The girl screamed, breaking the moment and bringing Daryl out of his trance. She turned and ran back in the direction she’d come from, kicking off her shoe, her arms waving in the air. It seemed that she’d rather face whatever she’d been fleeing than remain with Daryl, the man she’d mistaken as a saviour.
Veering out into the road, the girl ran directly into the path of a speeding car. It took her down instantly, dragging her beneath the wheels and swerving, careering into a low stone wall at the street corner. The driver shot out through the windscreen, trailing a skirt of shattered glass. His body fell heavily, limbs loose and broken.
Daryl walked away, feeling more alive than he had in years. More alive than he had in his entire life until this moment, this glorious moment where he stood directly in the gaze of something majestic and so much larger than himself. His calling had come at last. After decades of dissecting stolen house pets, masturbating over pictures of corpses clipped from medical textbooks and pushing, pushing, towards some dimly realised goal, his time had come.
Daryl’s head was filled with another image of Sally Nutman. He pictured her standing before him, unravelled, her skin punctured by his blades and the holes overflowing with his seed, babies of corruption being born through the wounds they had created together. She smiled; her teeth were eyes, her lips were the fingers of Mother’s fist opening, parting, taking him in hand...
When he got back to the house he went to the kitchen and drank a glass of water. He put his head under the tap, washing away the stinking sweat of lust, the filth of transformation, and then climbed the stairs to his room.
He stared at the photograph of Sally Nutman, licked it, and pressed it against his face, his chest, his aching erection – the first one he’d had in months. Then he placed it on the bed and bowed down before it, paying homage to the woman who had stepped forward from the crowd to offer herself up as his first victim, taking his cherry and allowing him into a select brotherhood.
Faces stared down from his walls, their lips moving in silence: praying to a new young god in the making. Ed Gein. Jeffrey Dahmer. Dennis Nilsen. Peter Sutcliffe. Countless others; his chosen audience.
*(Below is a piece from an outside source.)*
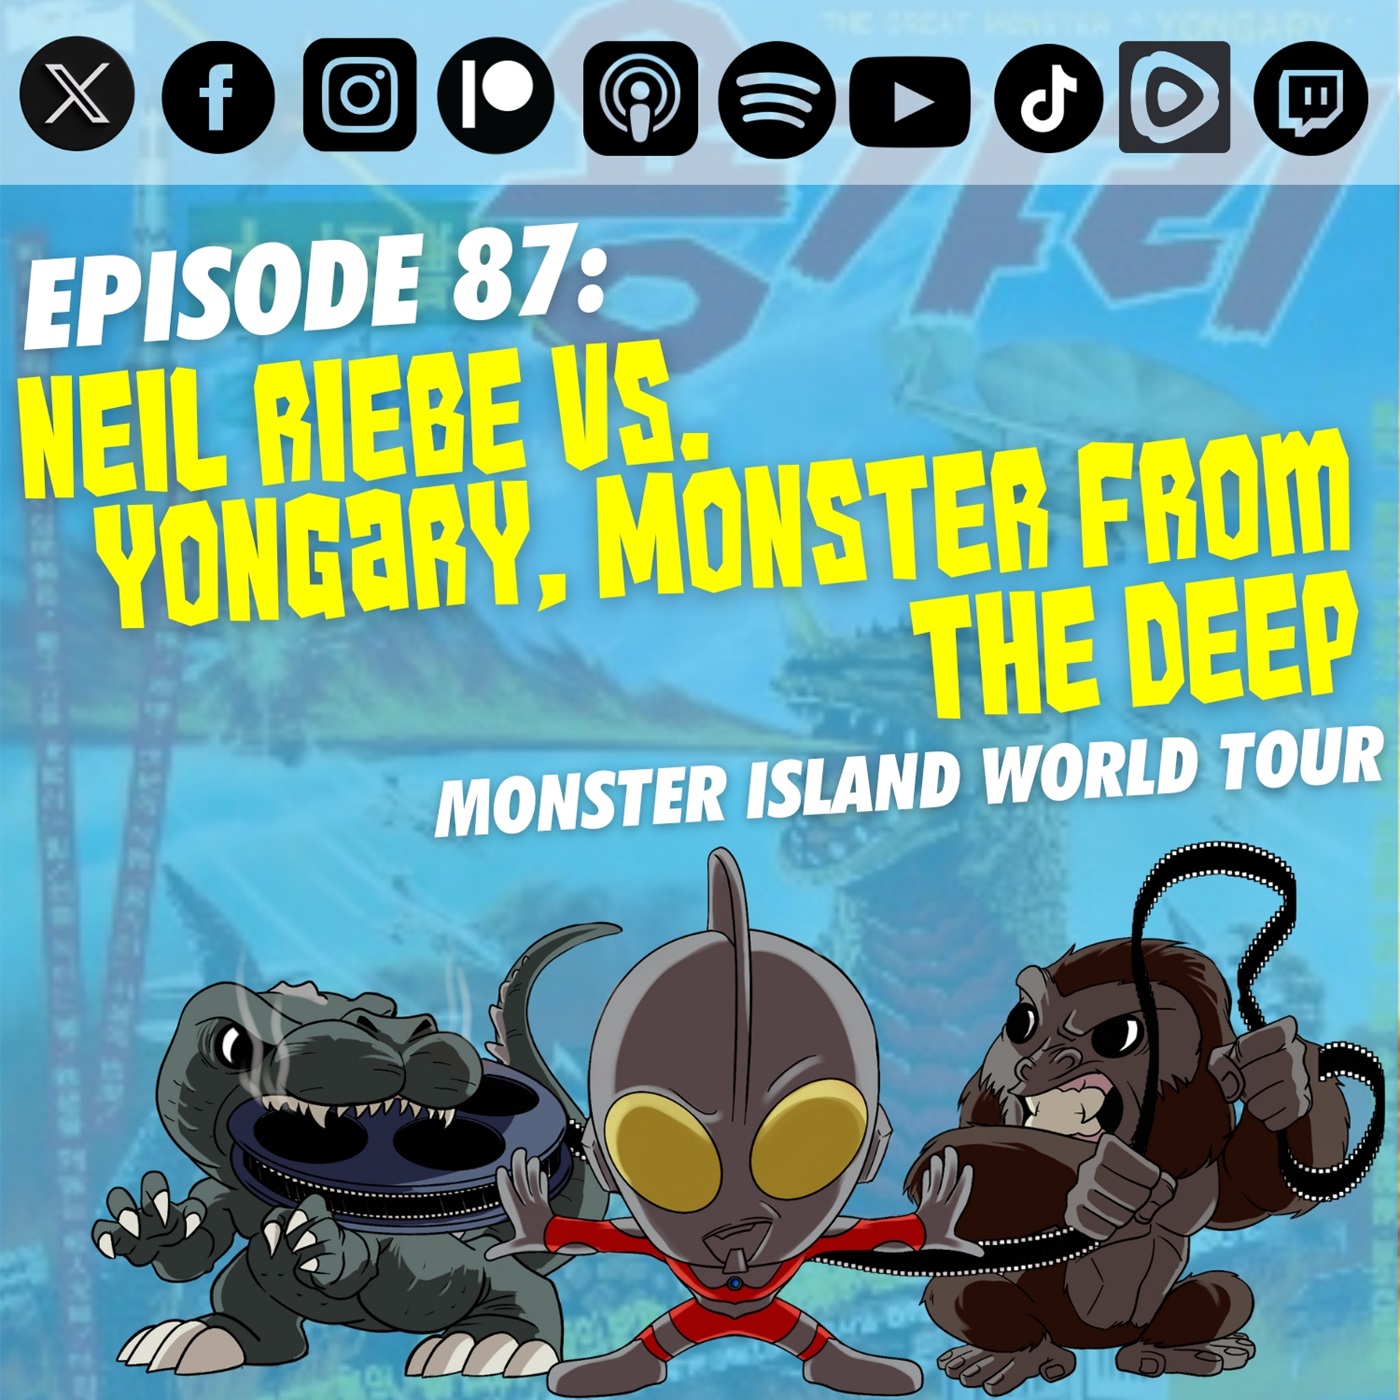 Episode 87: ‘Yongary, Monster from the Deep’ vs. Neil Riebe

Daryl dragged an old, battered cardboard suitcase from under his bed, threw it down on the divan. Then, moving slowly and with much reverence, he popped the clasps and laid out the contents on the mattress. He looked at them with an almost religious awe, the same expression Mother had on her face whenever she saw the Pope on television.
Daryl had bought most of these things on the Internet. They’d been delivered right to his door. It was funny how the methods of murder were so easily obtainable, like an order of groceries or a print run of self-help books.
He giggled, and then stopped himself, aware of the stern and disapproving eyes that stared down from his walls. This, he knew, was serious business.
Twines of good grade fishing line. Two rolls of duct tape. Several short lengths of industrial strength bungee. A long hunting knife with a serrated blade, a tool generally used for gutting wildlife. A thin-bladed flensing knife.
These were Daryl’s chosen tools of his wished-for trade, the artefacts of his dark religion. His ritual would be carried out using these perfect objects, each ideally suited to its particular task. He had practised often on Mother as she lay there dying, trussing her up and sealing her mouth, and only drawing back moments before the kill. Yes, a real victim would struggle more, but that would only add to the power of the moment, the intensity of the event.
Soon the act would be over; he could take off the mask and become his true self, the being which had been growing inside him for so long. The butterfly could emerge from the pupa. The hatchling would come scrabbling out to dine for the first time on the manna of the world.
No more pretending. No more faking it. Soon, and for the first time since childhood, Daryl would know what it was like to feel.